Promisia and Promisia will receive proceeds from each future ORA sale.


The plans for the Ranfurly Development provide for 32 new external units and 10 new internal

units to be constructed. One existing unit will be removed to connect the ten new internal units to

the existing Ranfurly Residential Care Centre.


Resource and building consents have already been granted for the Ranfurly Development.

Promisia expects the development to begin by the end of 2021.


New Zealand Market Acquisitions


Promisia believes there are growth opportunities through the acquisition of other aged care

facilities where owners of individual facilities cannot achieve the benefits of scale. Scale is

important to offset increasing levels of compliance and to access the capital required to meet

market requirements.


Promisia is currently undertaking initial due diligence investigations on four potential acquisitions

however none are at a legally binding stage and if any of these opportunities do progress to

binding arrangements, that is not expected to occur until late in the second quarter of 2021.

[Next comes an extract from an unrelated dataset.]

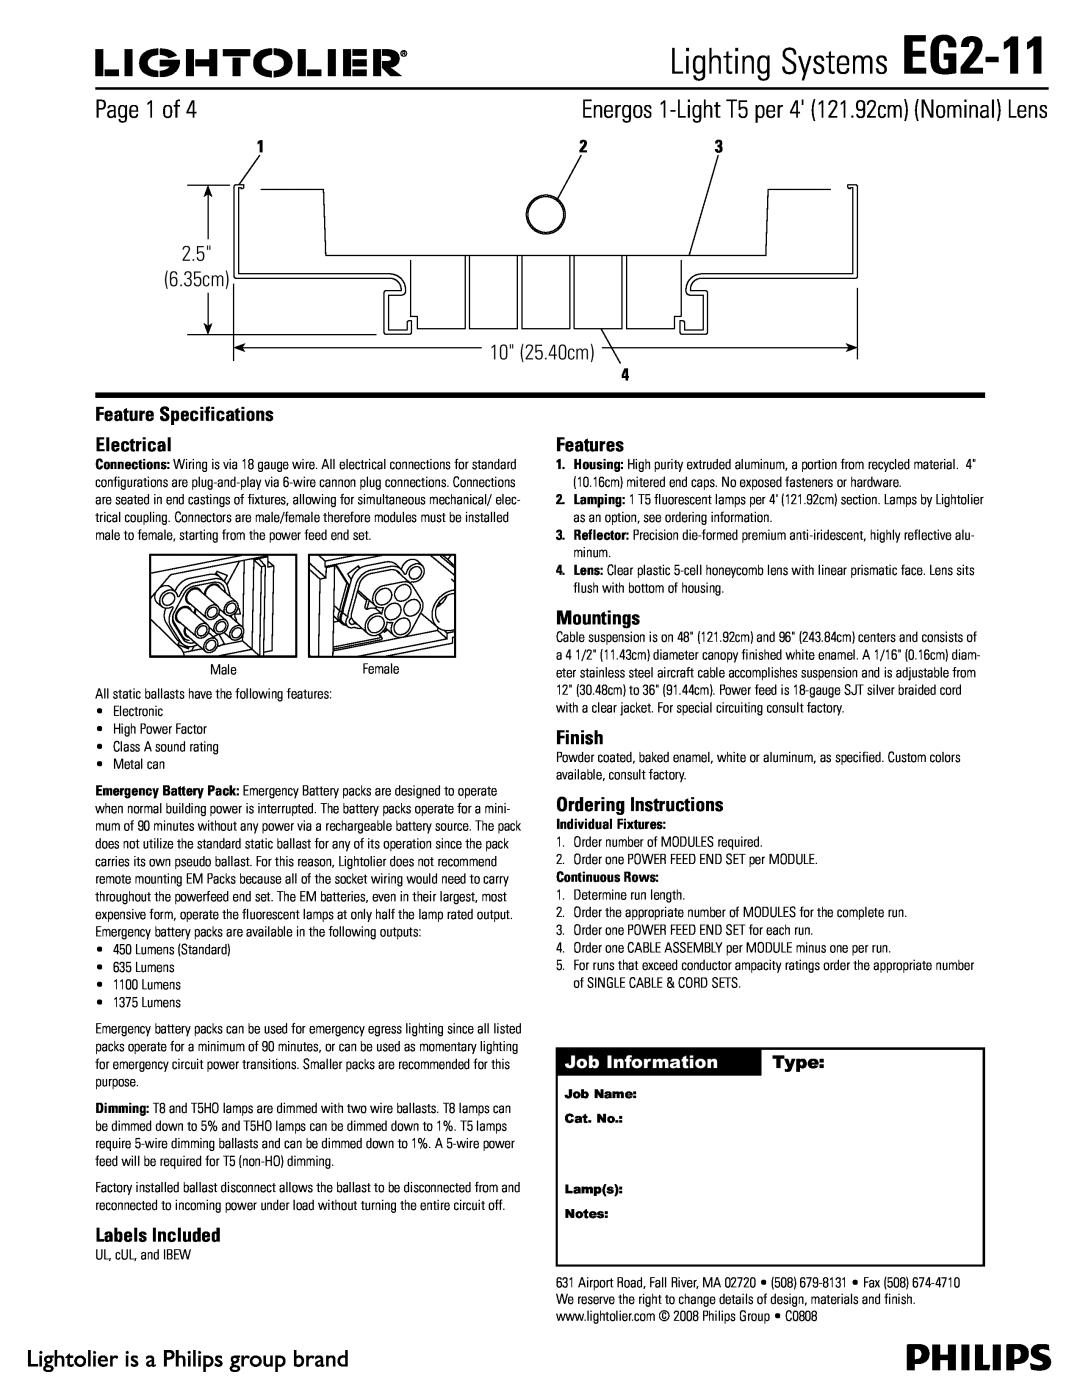 Lightolier specifications Lighting Systems EG2-11,  Dn  Dn, Job Information, Type

Acquisition opportunities are being assessed based on quality, geographic and cultural fit,

demand for services, development potential and contribution to Promisia’s profitability. Promisia

expects additional lending will be required to fund acquisitions and expects that it would be able

to debt fund at least 50% of the purchase price of new acquisitions. The balance would be funded

through a combination of:


 Promisia raising new capital;


 Promisia equity forming part of the purchase price; and


 Promisia’s cashflows from its own operations.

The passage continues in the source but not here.